Despite their extraordinary culinary capabilities, these robots are not destined for a career in catering. “If you give a robot the confidence to work in a kitchen, it will also have the confidence to work in a factory or a person’s home,” says Gill Pratt, Toyota’s chief scientist. Cooking involves lots of complex tasks, such as picking up and placing items, pouring liquids and mixing ingredients. All this makes a kitchen an ideal training ground for experimenting with a new method of using generative AI to train robots known as “diffusion policy”.

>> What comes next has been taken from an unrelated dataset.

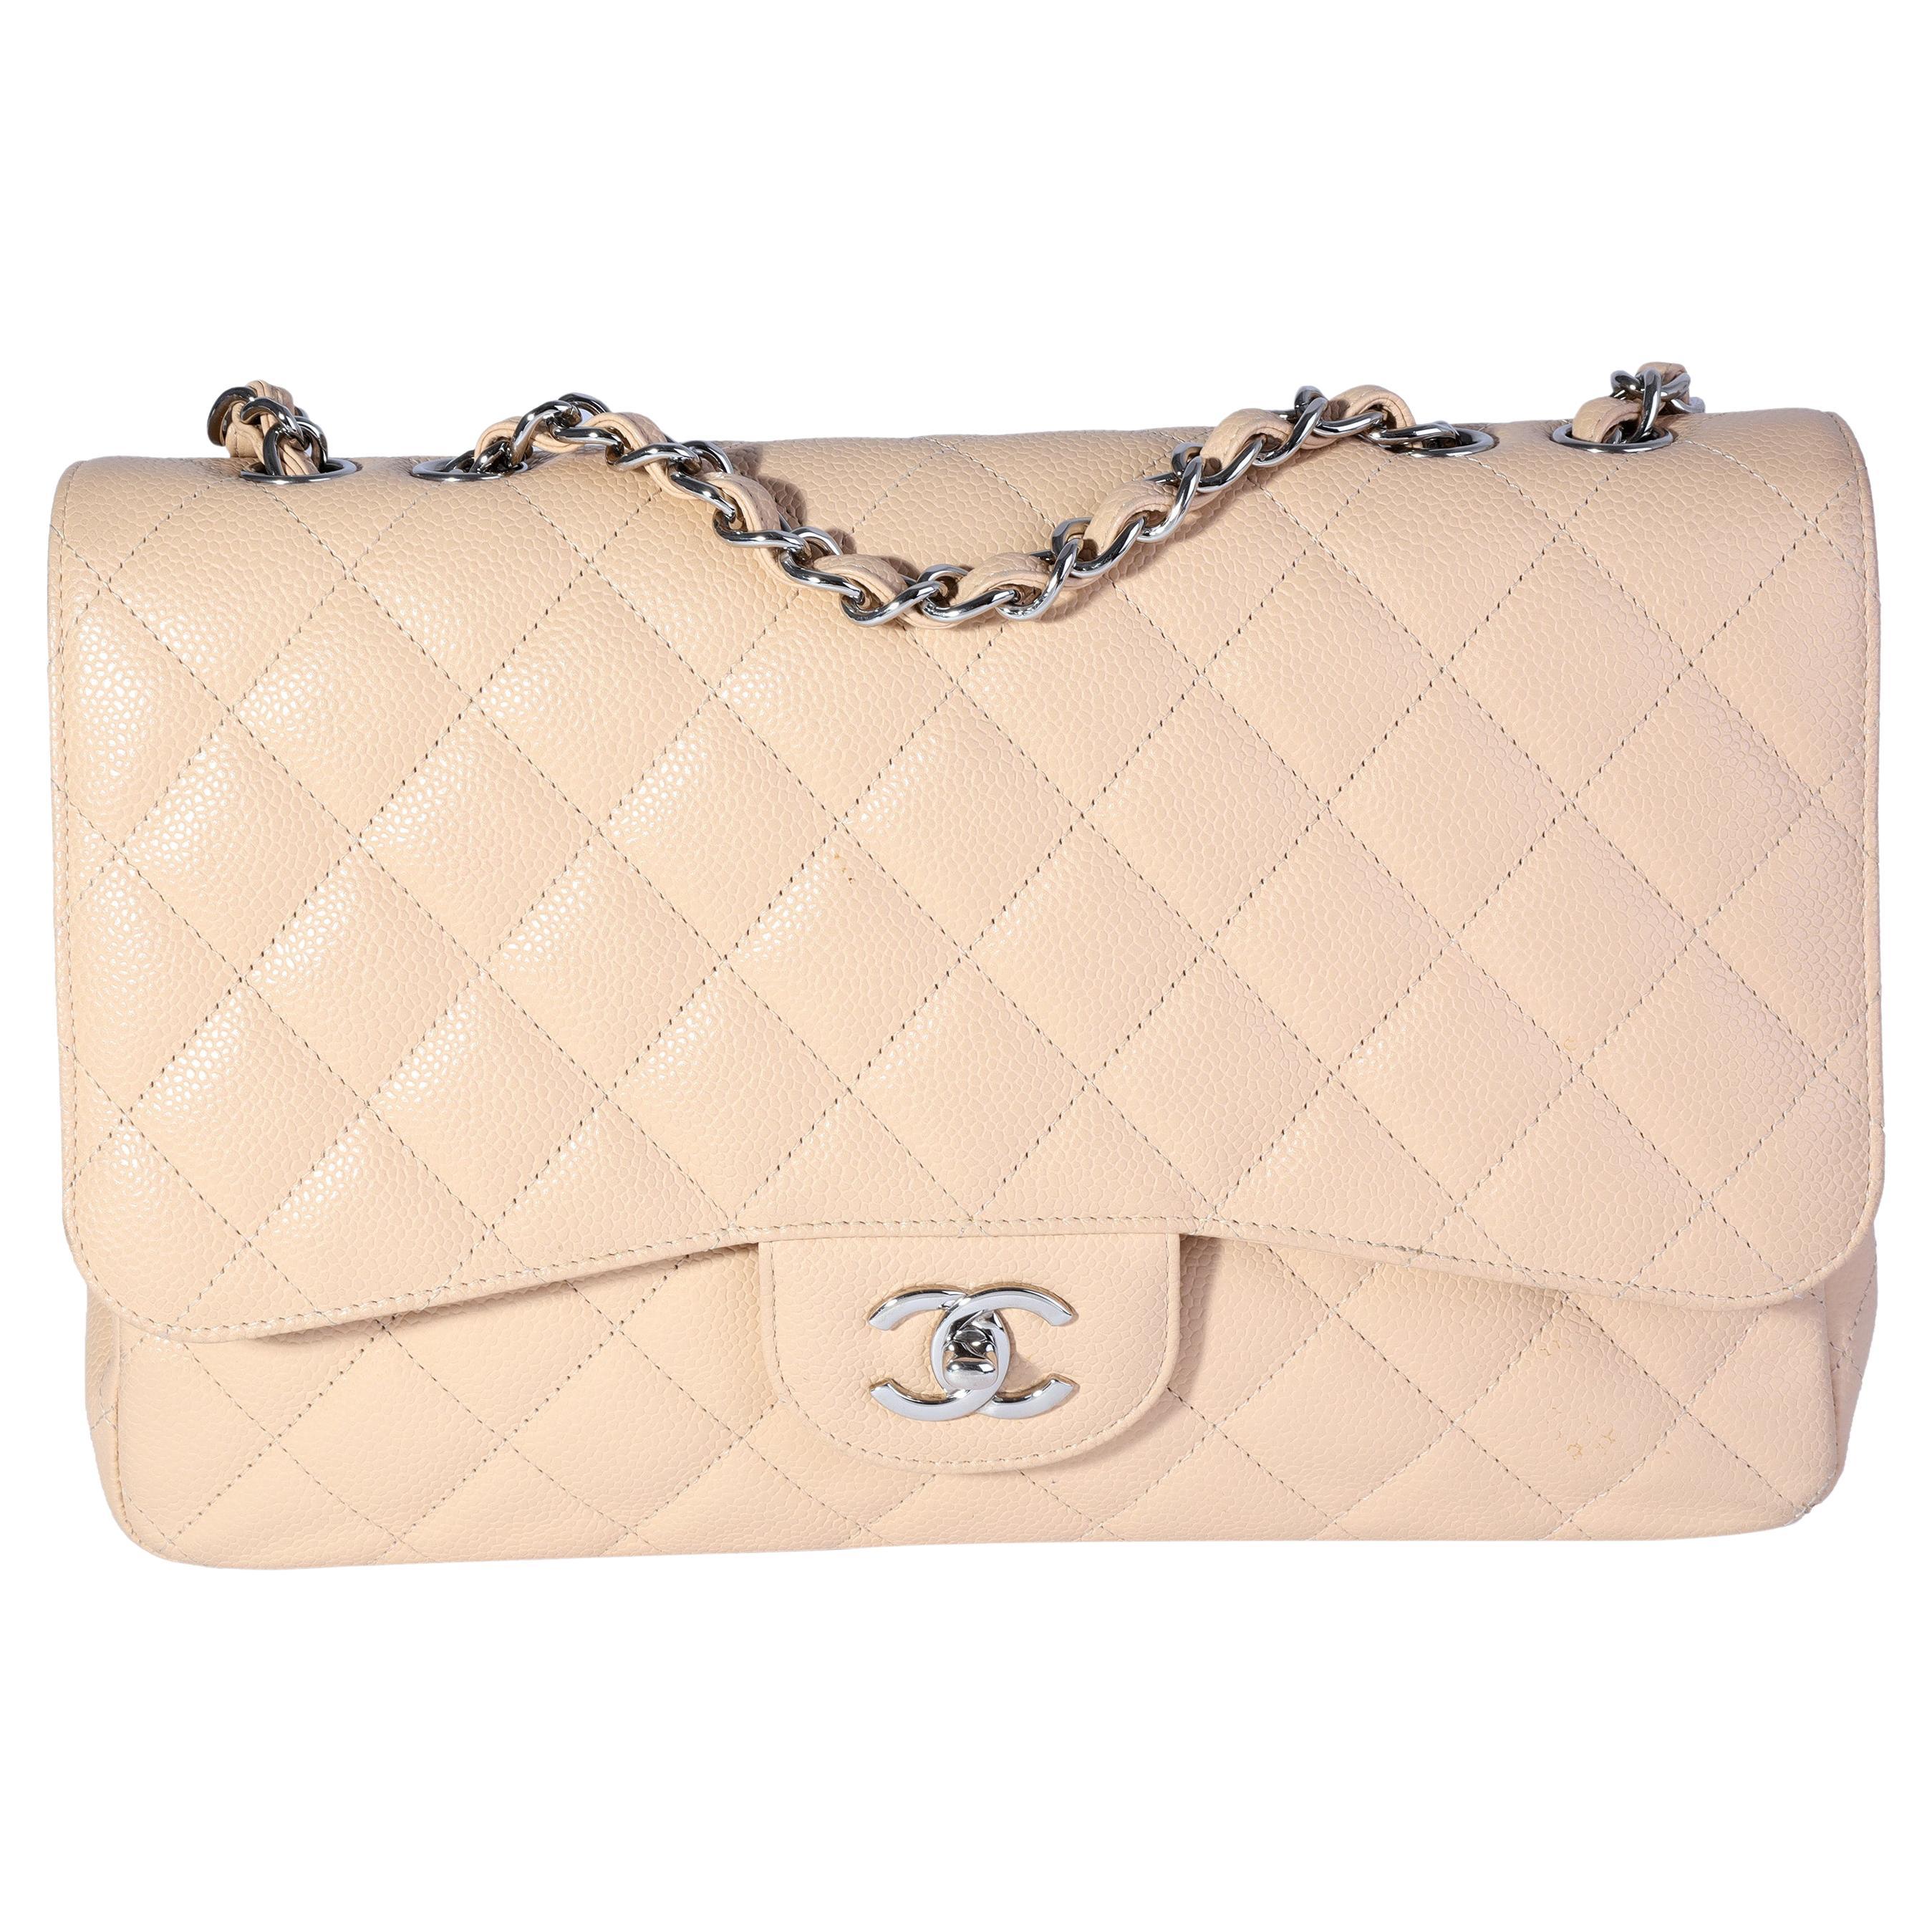 Chanel Beige Jumbo Bag - 24 For Sale on 1stDibs

Diffusion, already used to help AI models generate images, has been developed as a way to speed up the training of robots by TRI and roboticists at Columbia University and the Massachusetts Institute of Technology (MIT). To explain how diffusion works, Russ Tedrake, TRI’s vice-president of robotics research and a professor at MIT, uses a typical kitchen task: teaching a robot how to load a dishwasher, once its fellow machines are done with their cooking.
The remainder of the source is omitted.